There’s been a lot of hullabaloo in the media about bone broth lately. A quick internet search turned up a handful articles about bone broth published in just the last two months in such major publications as The Washington Post, The Huffington Post, UK’s The Guardian, and Business Insider. Brodo, which just opened in November in the East Village in New York, is offering a variety of bone broths by the trendy-looking coffee cup through its walk-up window. Bone broth has even become one of the most important components of the prescribed diet for the L.A. Lakers!
So what’s the big deal anyway? Is it the next food that will sit proudly next to açaí berries, coconut water, and chia seeds on the list of “must-have” nutritional superfoods?
I hesitate to recommend “superfoods” because I encourage a balanced approach to eating, taking nutrients from a diversity of seasonal whole foods to ensure the incorporation of a full spectrum of nutrients. We all know there isn’t one silver bullet to great health and longevity. But…bone broth is something that I would recommend to almost anyone without hesitation as one of the most beneficial additions to any diet.
As the bones are slowly simmered for hours, the collagen in the bones and other connective tissue melts into gelatin, which is very effective in the promotion of gut health. Since it’s rich in the amino acids, glucosamine, and chondroitin that make up collagen, it also promotes healthy skin and joints. It also contains a large proportion of the amino acid, glycine, which acts as inhibitory neurotransmitter to aid in sleep and relaxation.
Bones are the main storehouse for the minerals in the body, and the long cooking time for bone broth allows these important minerals, such as calcium, magnesium, to leach into the broth.
People have been consuming bone broth since they started cooking and eating animals. In the vane of “nose to tail” eating, no parts of the animal went to waste, and broth was made from the “scraps” that were not eaten. These scraps included bones.Just some examples of bone broth in traditional cooking:
Vietnamese Pho: The foundation of this delicious beef noodle soup is a broth made from simmering oxtail, beef shanks, and necks with onions, ginger, cinnamon, star anise, clove, and cardamom for many hours.
Bouillabaisse: the heads, tails, and other trimmings from the fish are simmered to make the broth for this traditional Provençal fish stew.
Chinese Hot Pot: As most of the other components of the hot pot are raw or minimally prepared, the broth, made from chicken, beef, or pork parts is stewed for many hours to develop the rich flavors of this dish.
Matzo Ball Soup: Also known as “Jewish Penicillin,” chicken broth made from simmering chicken parts with onions, carrots, celery, and parsley is the supportive foil for the matzo balls.
Lauya: Pork knuckle bones and pig’s feet are simmered with vegetables for this country-style Filipino soup.
Chicken Foot Stew: A Jamaican stew in which chicken feet are simmered with garlic, herbs, and habañero peppers.
Tonkotsu Ramen: Pig trotters and bones are boiled for sometimes days to achieve the rich, flavorful broth for this Japanese noodle soup.
Gam Ja Tang: A Korean soup made from stewing the pork spine or ribs with vegetables, scallions, hot peppers, and sesame seeds.
And that's just the tip of the iceberg!
Used for their restorative properties, bone broths have been used in traditional Chinese medicine to boost immunity and treat imbalances that underlie illness.

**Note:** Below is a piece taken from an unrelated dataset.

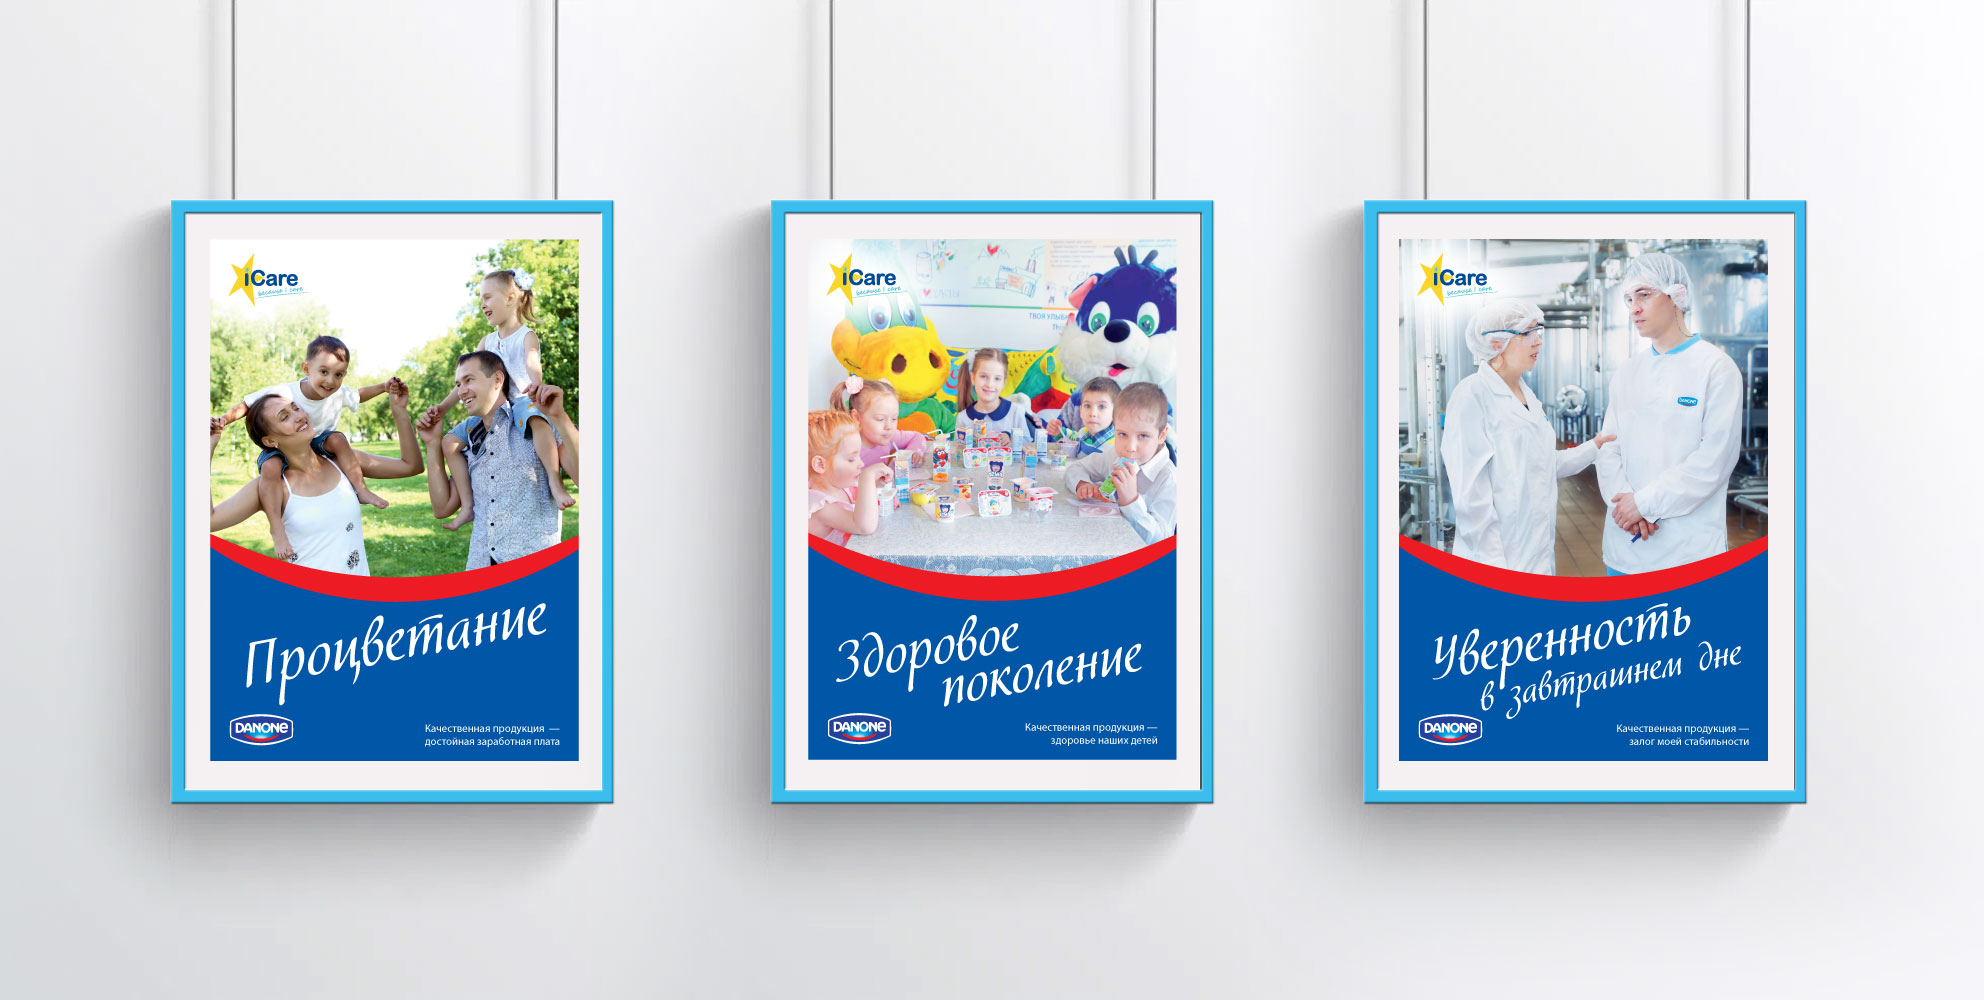 Дизайн плакатов для Danone

Aside from the numerous salubrious benefits of bone broth, it’s also a boon to the culinary world. As you can see, a well-developed stock is of utmost importance to producing innumerable soups and stews as well as sauces. The gelatin in the stock contributes to the rich mouth-feel of a well-made sauce or gravy.
Want to learn more about bone broths, how to make them gelatinous, and how to incorporate them into delicious soups?
Sign up for the Soups, Stocks, & Bone Broths Cooking Class coming up on Saturday, January 31, 5-8 pm at Berkeley Kitchens. Hope to see you there!
Give it a try!
2-3 lbs beef, chicken, or pork bones or combination
1 large onion, cut into 1” pieces
2 carrots, cut into 1” pieces
2 celery stalks, cut into 1” pieces
1 bay leaf
any other vegetable scraps (e.g. parsley stems, leek greens, carrot tops)
2 T neutral-flavored vinegar (white, apple cider) or lemon juice
Add bones and vinegar to a stockpot, cover with cold water with 2 inches of headroom. Cover the pot, bring to a boil, and immediately reduce to a low simmer. Uncover and skim any foamy, grey scum that has surfaced. Add vegetables.
Let simmer for 6 to 24 hours, making sure there is enough water in the pot and adding more if necessary.
Pour the stock through a metal strainer into another pot or large bowl. For faster cooling, immediately divide into quart, pint, and/or half pint jars. Label and refrigerate or freeze for later use.